WMM

    Cards (15)

    • Baddeley & Hitch (1974) believed that the MSM was too simplistic in terms of the stores.
      They developed a model which focused on STM only ad argued that it was not a unitary store like the MSM argued.
      1. central executive
      2. visuospatial sketchpad
      3. episodic buffer
      4. phonological loop
      5. articulatory system
      6. phonological store
      7. long term memory
    • the central executive -
      • Has a ‘supervisory role’
      • Monitors incoming data, divides our limited attention and allocates ‘slave systems’ to tasks
      • Has a very limited capacity and does not store information
    • the phonological loop -
      • Deals with auditory info (acoustic coding)
      • Capacity – around 2 secs worth of what you can say
      • Split into 2 subdivisions: phonological store and articulatory process
    • phonological store -
      • Stores words you hear
      • ‘Inner ear’
    • Articulatory process -
      • allows maintenance rehearsal 
      • inner voice’
    • visuo-spatial setchpad -
      • Stores visual/spatial info (visual coding)

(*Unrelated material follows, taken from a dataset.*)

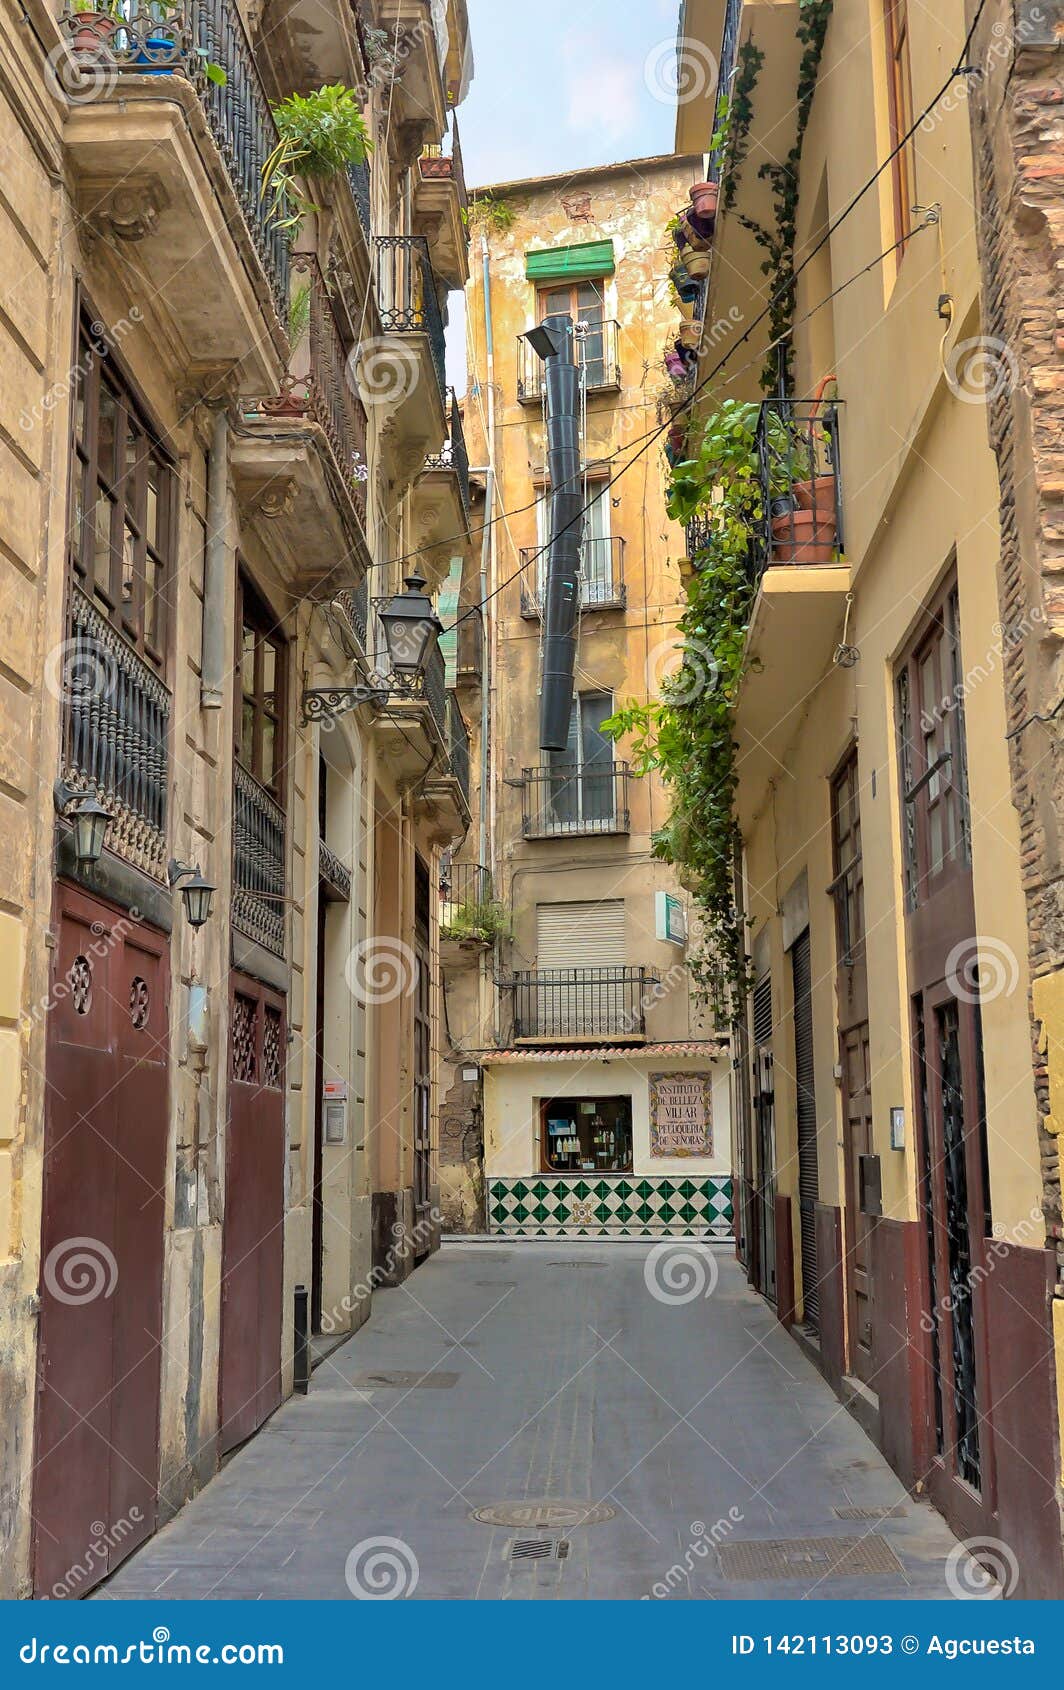 Quiet Alleyway in Valencia, Spain Editorial Stock Photo - Image of ...

      • Limited capacity of 3-4 objects
      • Divided into 2 subdivisions: visual cache and inner scribe
    • visual cache -
      • stores visual data
    • inner scribe -
      • Records the arrangement of objects e.g. calculate 16 + 25 using column method
    • episodic buffer -
      • Added to the model later in 2000
      • Acts as a temporary store for all info
      • Can be seen as the storage component of the central executive
      • Limited capacity of around 4 chunks
      • Links STM to LTM
    • According to the working memory model (WMM), short-term memory is an active store used to hold information which is being manipulated. Logie (1999) refers to it as the ‘desktop of the brain’- it holds material in our conscious mind long enough for us to manipulate it and use it to make a decision or execute a task.
    • strength -
      Baddeley and Hitch found pps were slower at a true/false task whilst also completing a task using both the central executive and articulatory loop compared to a task using just the articulatory loop.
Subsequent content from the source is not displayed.